Assistant U.S. Attorney John J. Field, who is handling the case, stated that Wheeler had gross income of approximately $4,600,000 in 2007, $5,600,000 in 2008, and $1,600,000 in 2009, but failed to file timely tax returns with the Internal Revenue Service to report this income.
In addition, Wheeler’s name is listed among the top 250 New York State Delinquent Taxpayers on the New York State Department of Taxation and Finance website. The website lists his total docketed balance of personal income tax due to New York State as of April 12, 2013 as $938,417.
The criminal charges are the culmination of an investigation by special agents of the Internal Revenue Service, Criminal Investigation, under the direction of Shantelle P. Kitchen, Acting Special Agent in Charge, New York Field Office.
These developments follow an ongoing civil case in which Wheeler is being sued by the federal Securities and Exchange Commission for alleged fraud. In relation to that case, federal authorities sought to seize several of Wheeler’s assets, including a Keuka lakefront home located in Barrington, a house in Victor, a bank account, and four vehicles, including a 2003 Ferrari Modena 360 and a 2007 BMW M6.

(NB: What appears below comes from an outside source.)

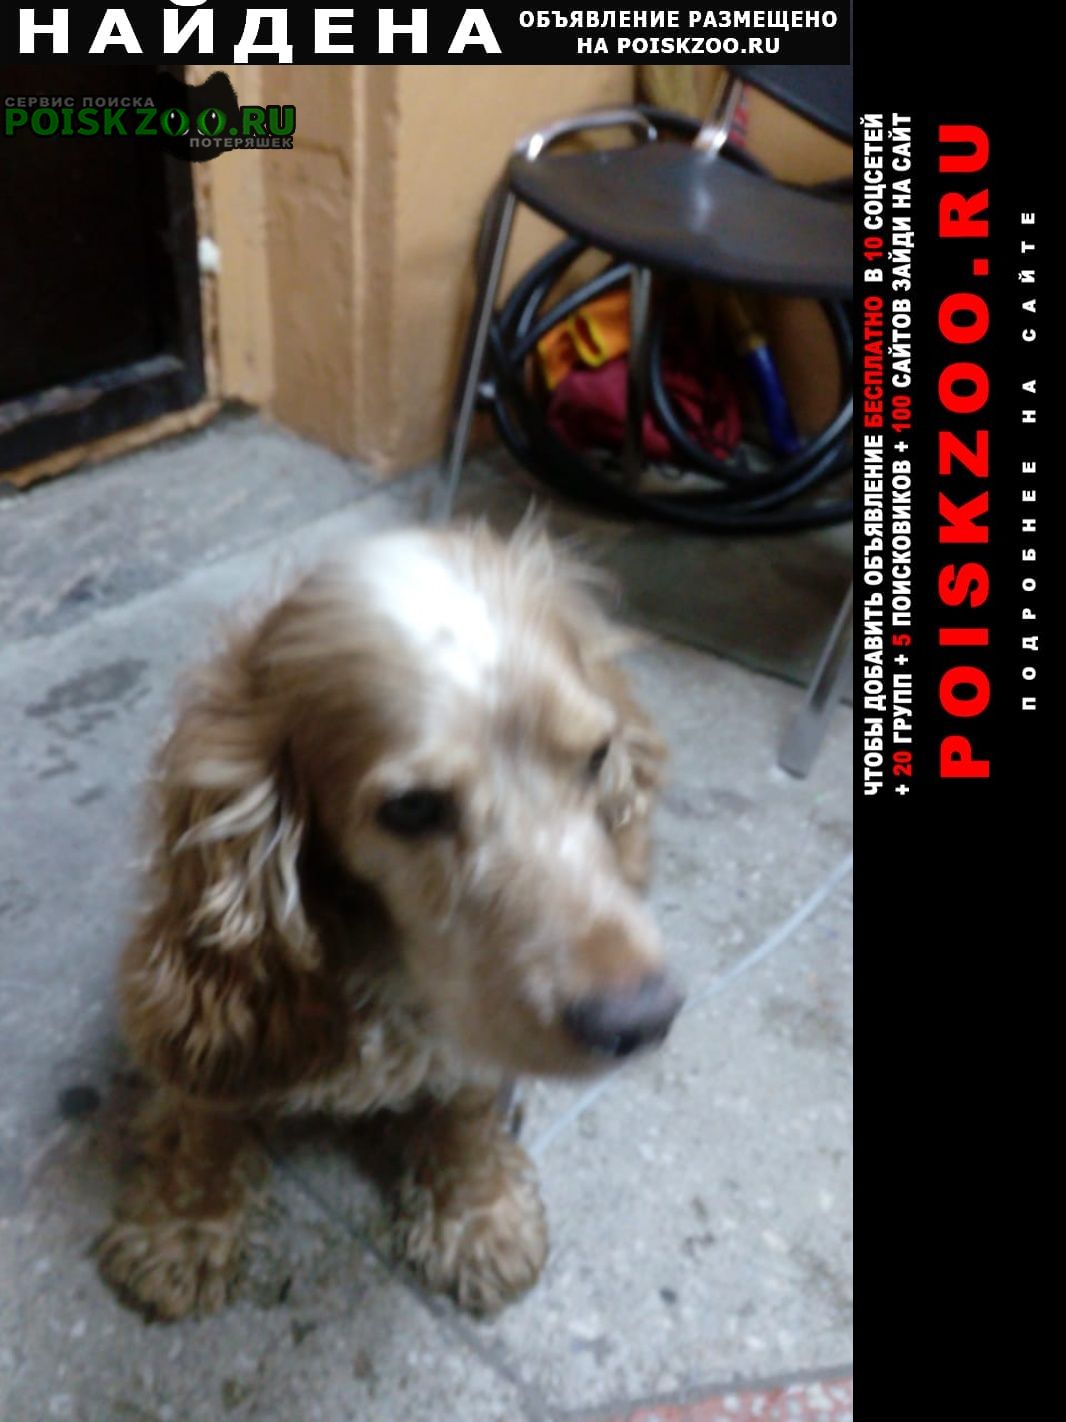 Найдена собака кобель кокер спаниель, мальчик Новосибирск

Officials have seized a bank account with over $52,000, the Ferrari, a 2008 Honda CRV, a 2007 BMW M6 and a 2008 Hummer H2, according to Barbara Burns of the U.S. Attorney’s office. That office has also filed liens on the home at 6715 Golf View, Victor, assessed at $533,000, and 820 East Lake Road, Penn Yan, assessed at $450,000.
In papers filed by the SEC Jan. 14, 2011 in the U.S. District Court, Southern District of New York, Wheeler was accused of failing to disclose that he was being paid by certain issuers to promote their stock while selling millions of his own shares for profits in the millions. The case was transferred to the Western District Court in Rochester.
In April 2012, Wheeler agreed, without admitting wrongdoing, to pay a civil penalty and give up ill-gotten gains from the penny stock “pump-and-dump” scheme he ran from a website, OTCStockwatch.com.